» Your instructions
From the line that holds "即食早餐谷物麦片 营养食品 意大利进口" to the last line below, retype everything exactly and nothing else; omit pictures.

» Data segment
/---
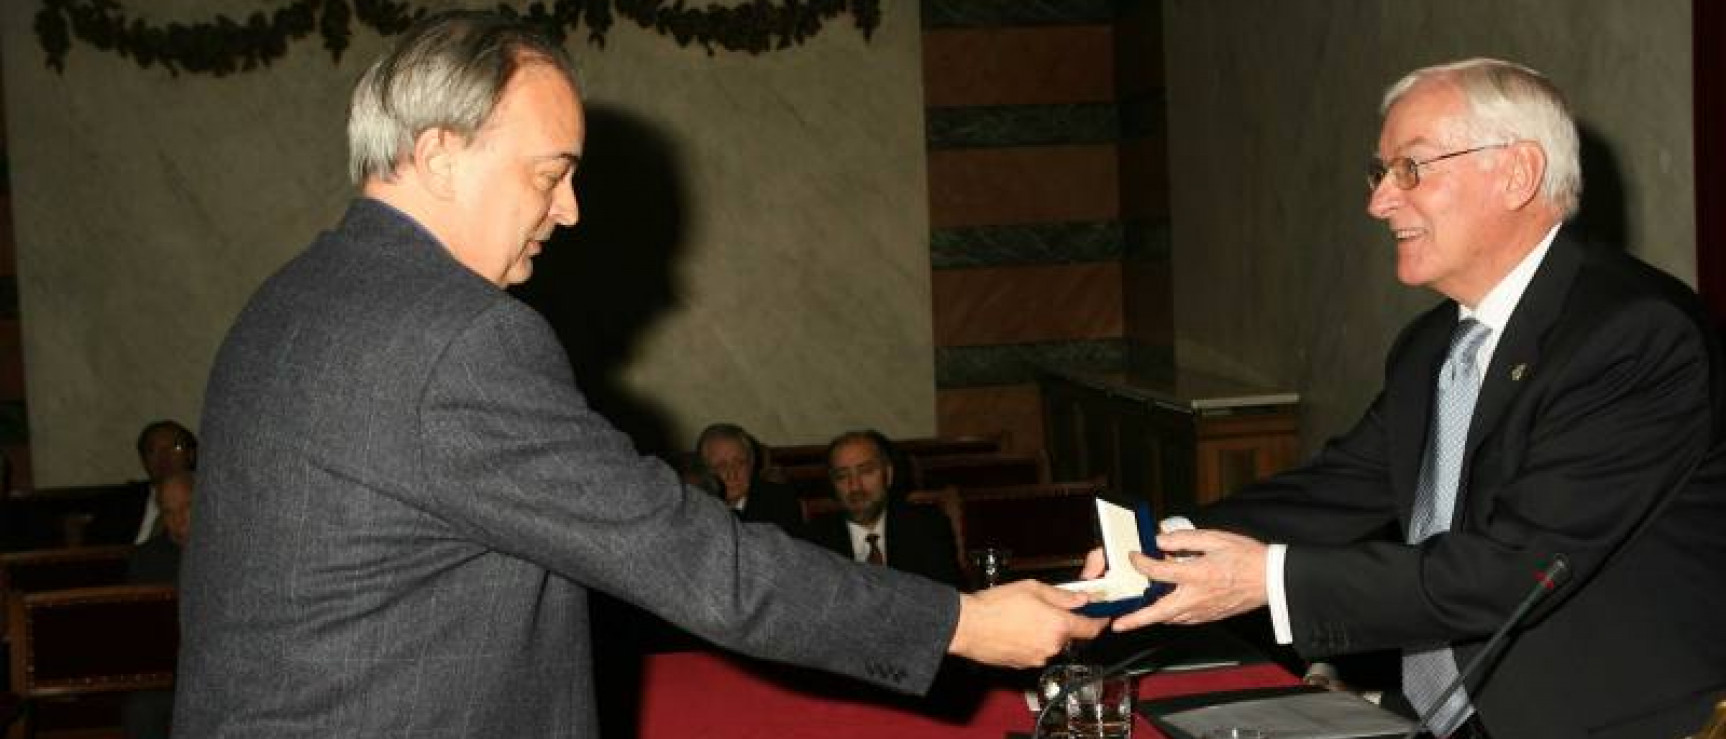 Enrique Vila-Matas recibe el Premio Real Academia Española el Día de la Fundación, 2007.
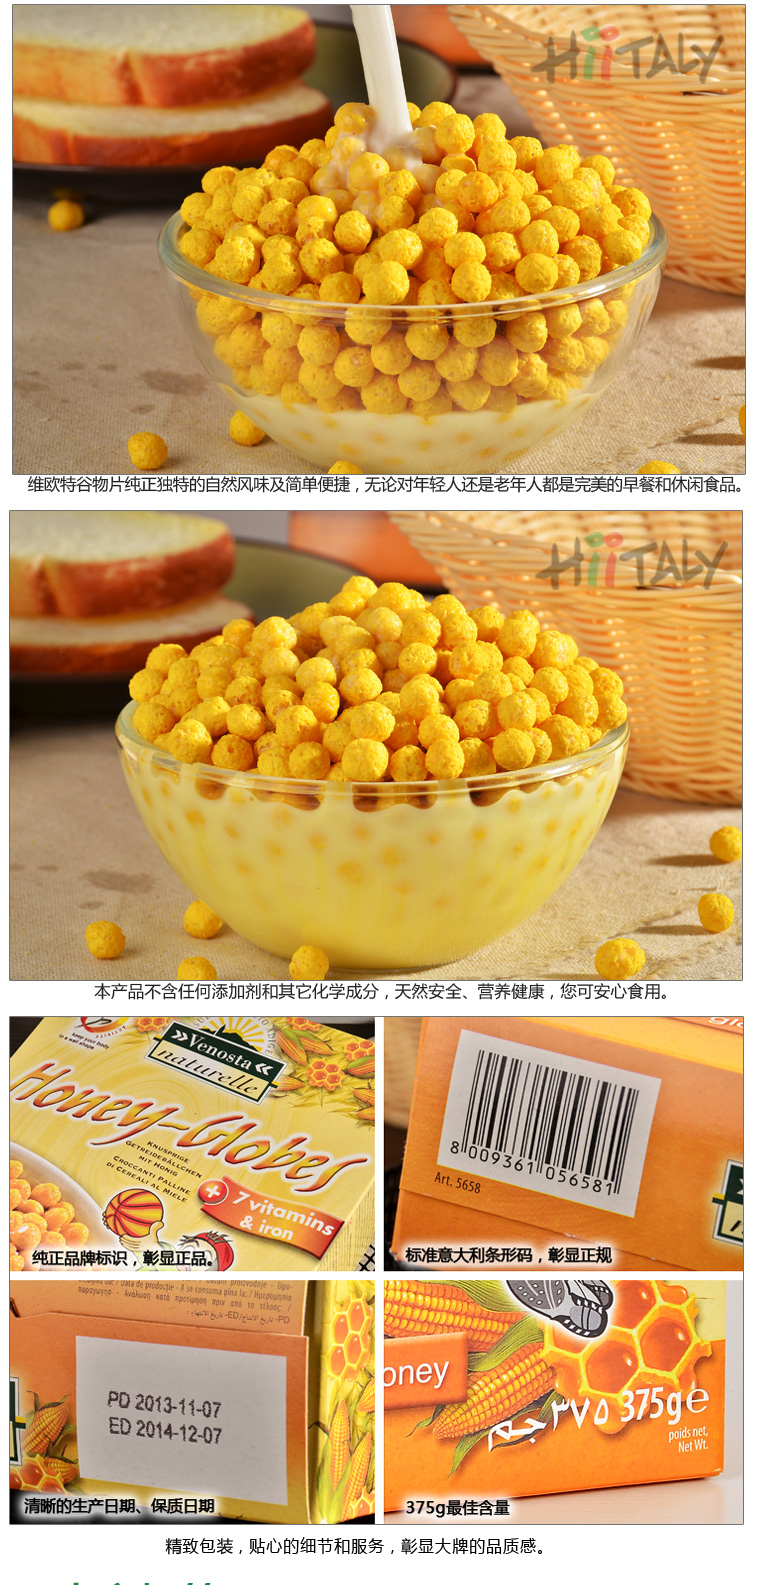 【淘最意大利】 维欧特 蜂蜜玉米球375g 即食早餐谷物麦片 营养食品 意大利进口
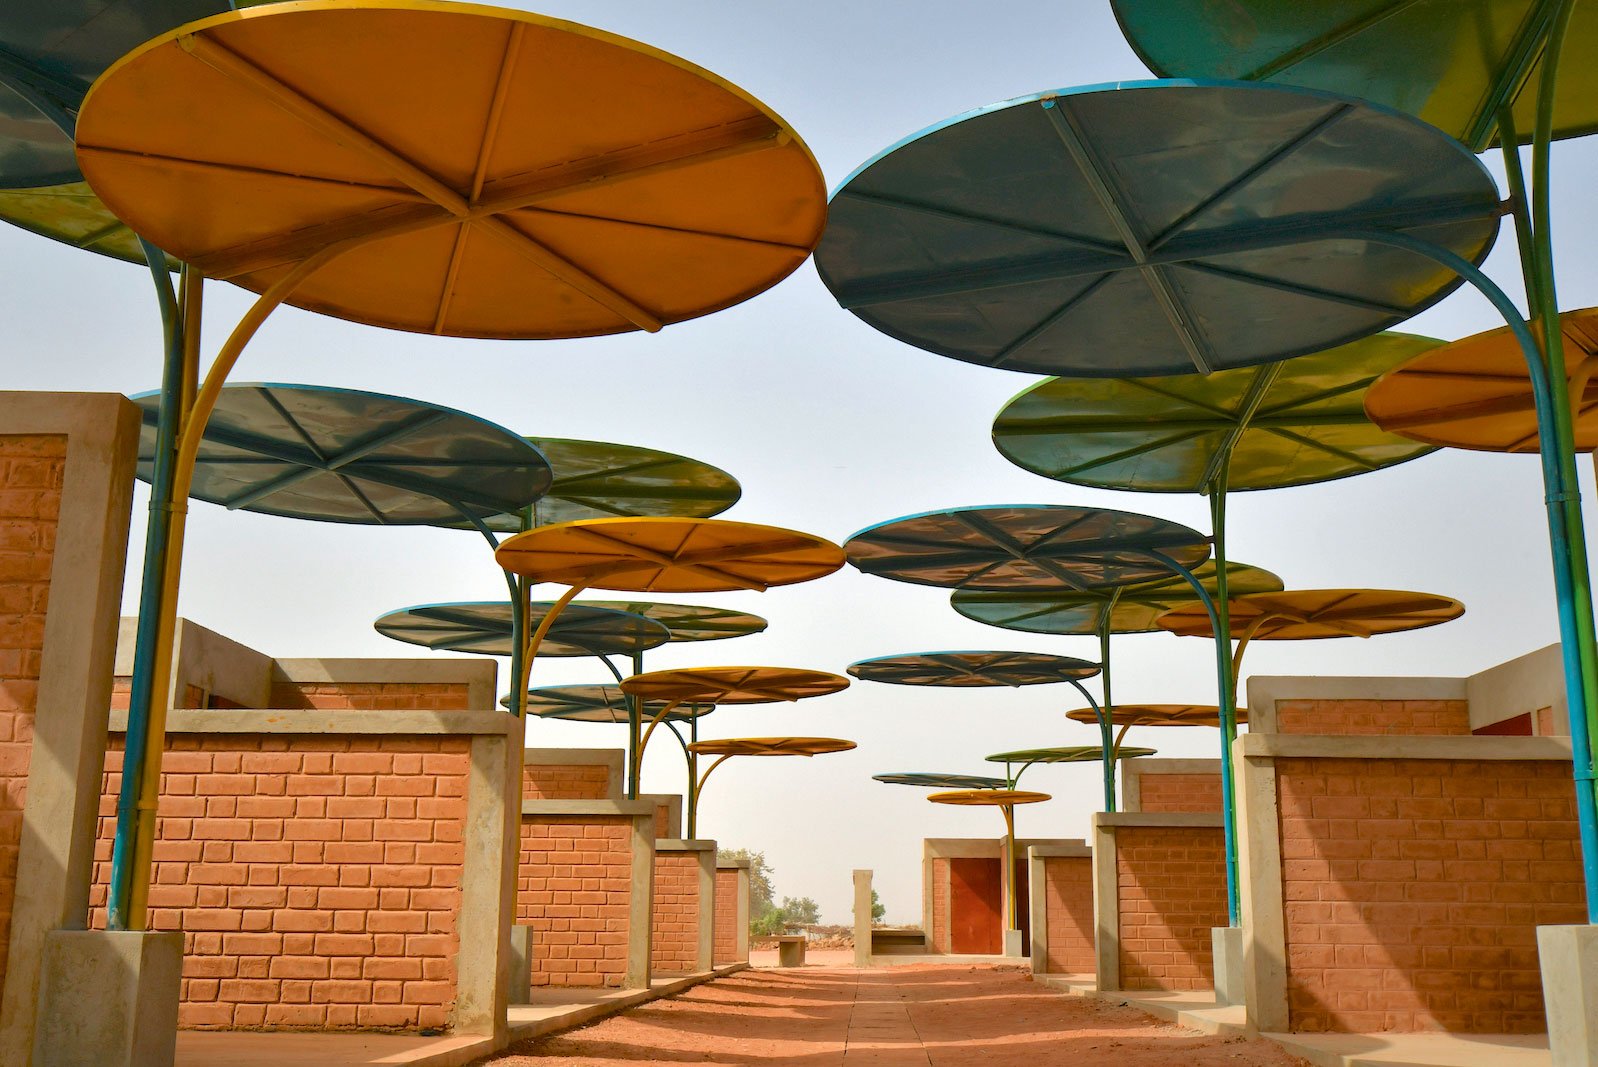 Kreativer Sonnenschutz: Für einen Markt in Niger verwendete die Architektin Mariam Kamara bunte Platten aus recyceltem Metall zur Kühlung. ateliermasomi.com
\---
» Response for this exercise
 【淘最意大利】 维欧特 蜂蜜玉米球375g 即食早餐谷物麦片 营养食品 意大利进口
 Kreativer Sonnenschutz: Für einen Markt in Niger verwendete die Architektin Mariam Kamara bunte Platten aus recyceltem Metall zur Kühlung. ateliermasomi.com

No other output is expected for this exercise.